School of computer and communication, Hunan University, Changsha, Hunan, China.
Bioinformatics. 2010 Nov 1;26(21):2678-83. doi: 10.1093/bioinformatics/btq521. Epub 2010 Sep 8.
Biological sequence was regarded as an important study by many biologists, because the sequence contains a large number of biological information, what is helpful for scientists' studies on biological cells, DNA and proteins. Currently, many researchers used the method based on protein sequences in function classification, sub-cellular location, structure and functional site prediction, including some machine-learning methods. The purpose of this article, is to find a new way of sequence analysis, but more simple and effective.

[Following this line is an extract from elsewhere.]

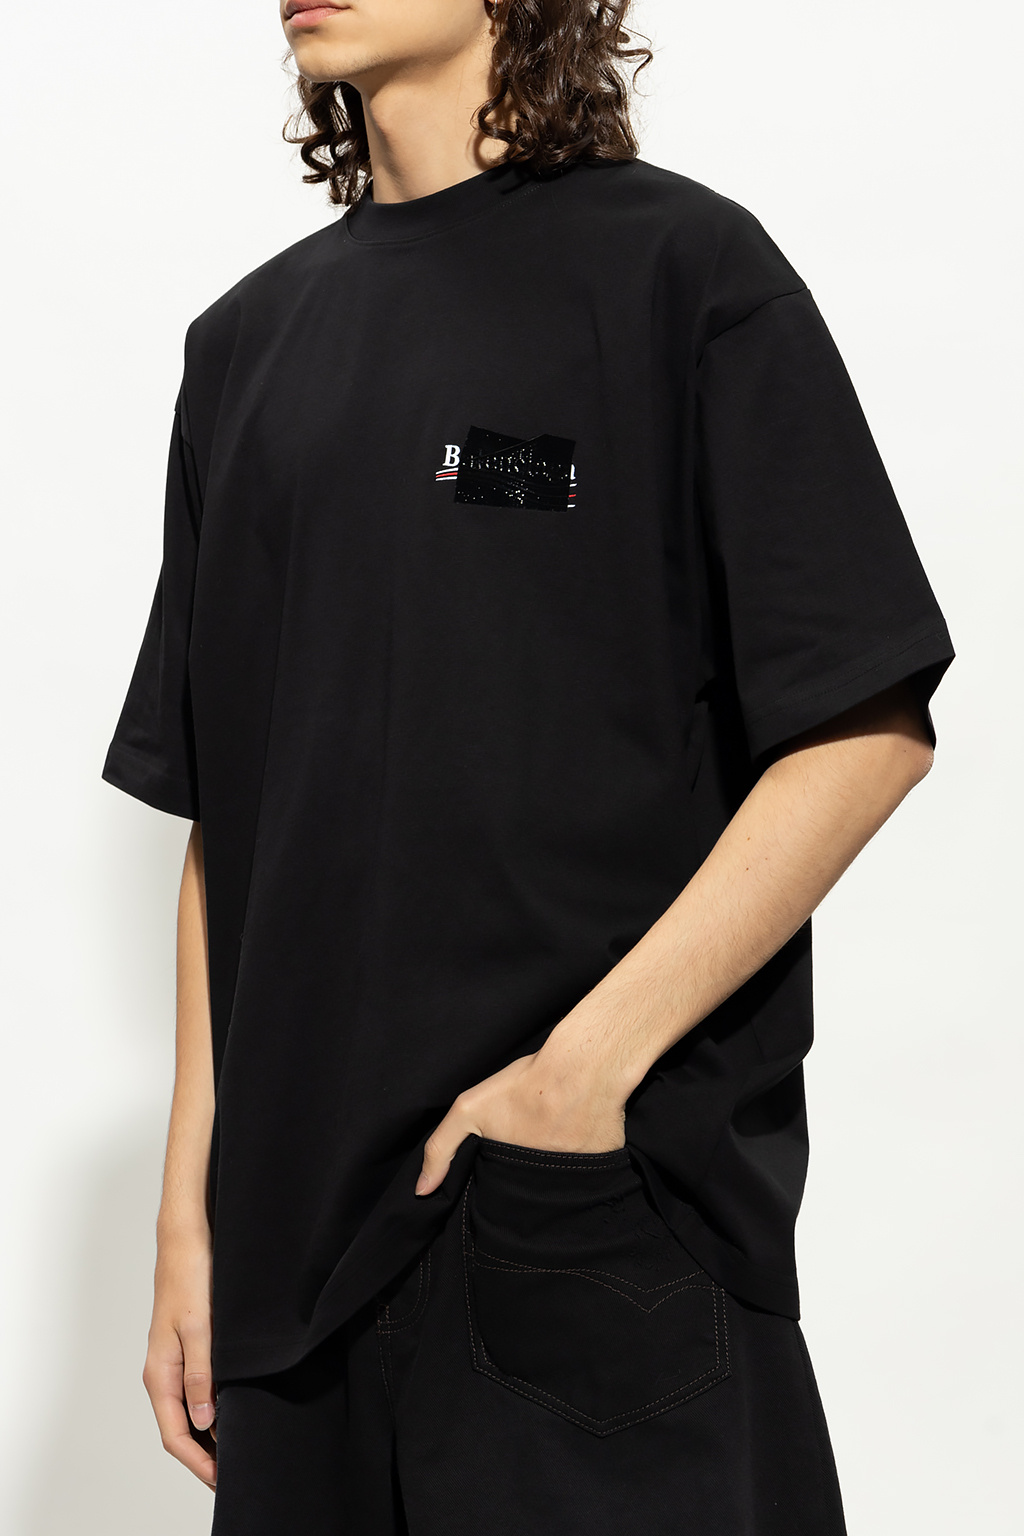 激安正規 BALENCIAGA Staff shirt Black 34 ecousarecycling.com
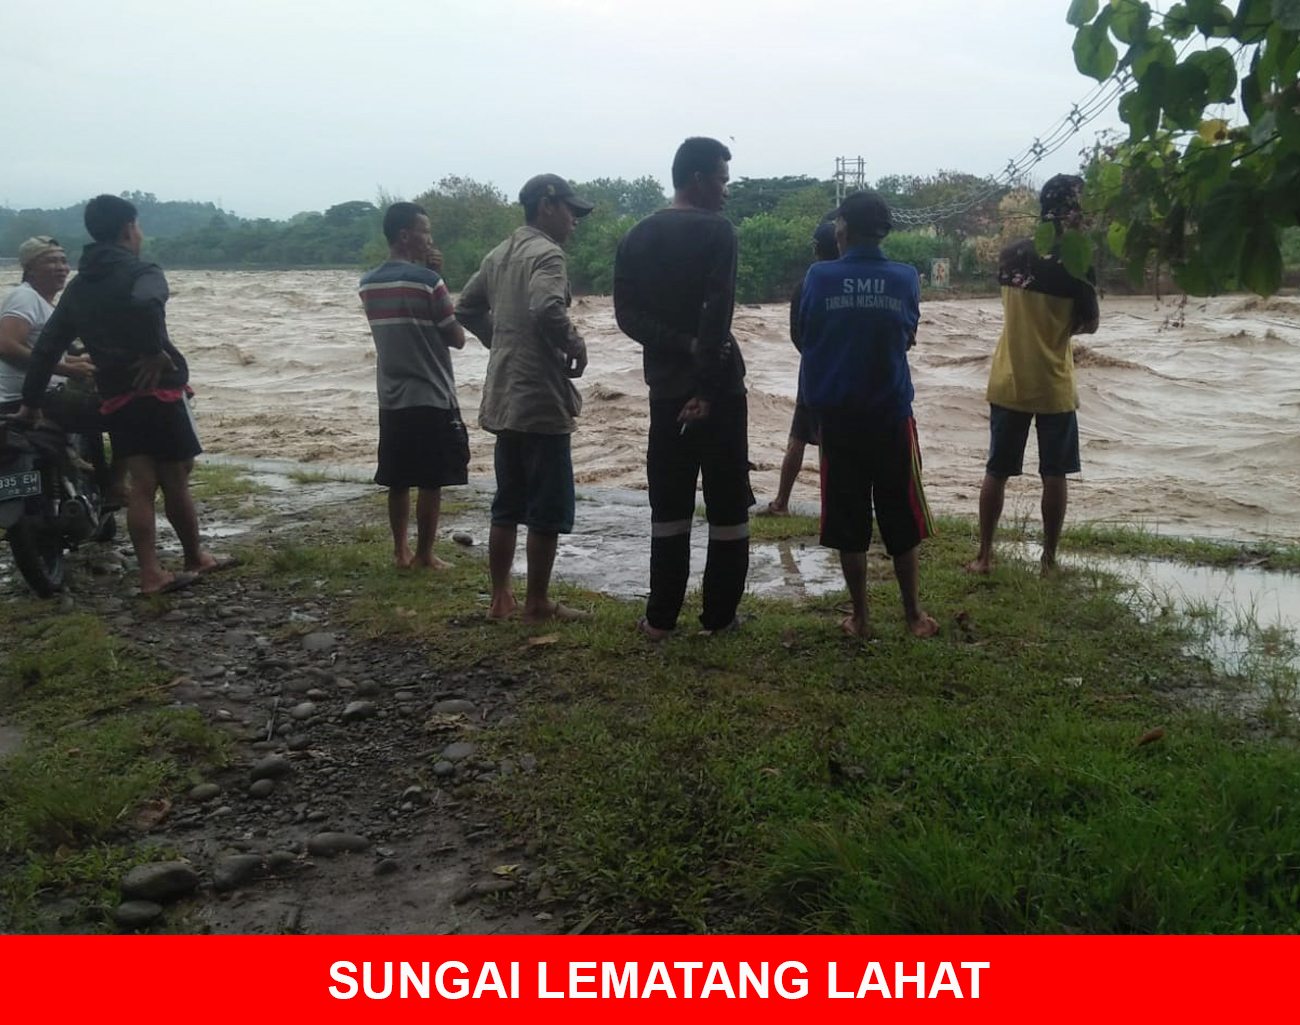 Perangkat Desa dan Linmas Desa Tanjung Payang Siaga Banjir, Debit Air Sungai Lematang Lahat Naik

According to the nature of 64 genetic codes, we propose a simple and intuitive 2D graphical expression of protein sequences. And based on this expression we give a new Euclidean-distance method to compute the distance of different sequences for the analysis of sequence similarity. This approach contains more sequence information. A typical phylogenetic tree constructed based on this method proved the effectiveness of our approach. Finally, we use this sequence-similarity-analysis method to predict protein sub-cellular localization, in the two datasets commonly used. The results show that the method is reasonable.
生物序列被许多生物学家视为一项重要的研究,因为序列中包含大量的生物信息,这有助于科学家研究生物细胞、DNA 和蛋白质。目前,许多研究人员在功能分类、亚细胞定位、结构和功能位点预测中使用基于蛋白质序列的方法,包括一些机器学习方法。本文的目的是寻找一种新的序列分析方法,但更简单、更有效。
根据 64 种遗传密码的性质,我们提出了一种简单直观的蛋白质序列 2D 图形表示法。并基于此表示,我们给出了一种新的欧几里得距离方法来计算不同序列之间的距离,以便分析序列的相似性。这种方法包含了更多的序列信息。基于该方法构建的典型系统发育树证明了我们方法的有效性。最后,我们使用这种序列相似性分析方法来预测蛋白质的亚细胞定位,在两个常用的数据集上进行了实验。结果表明,该方法是合理的。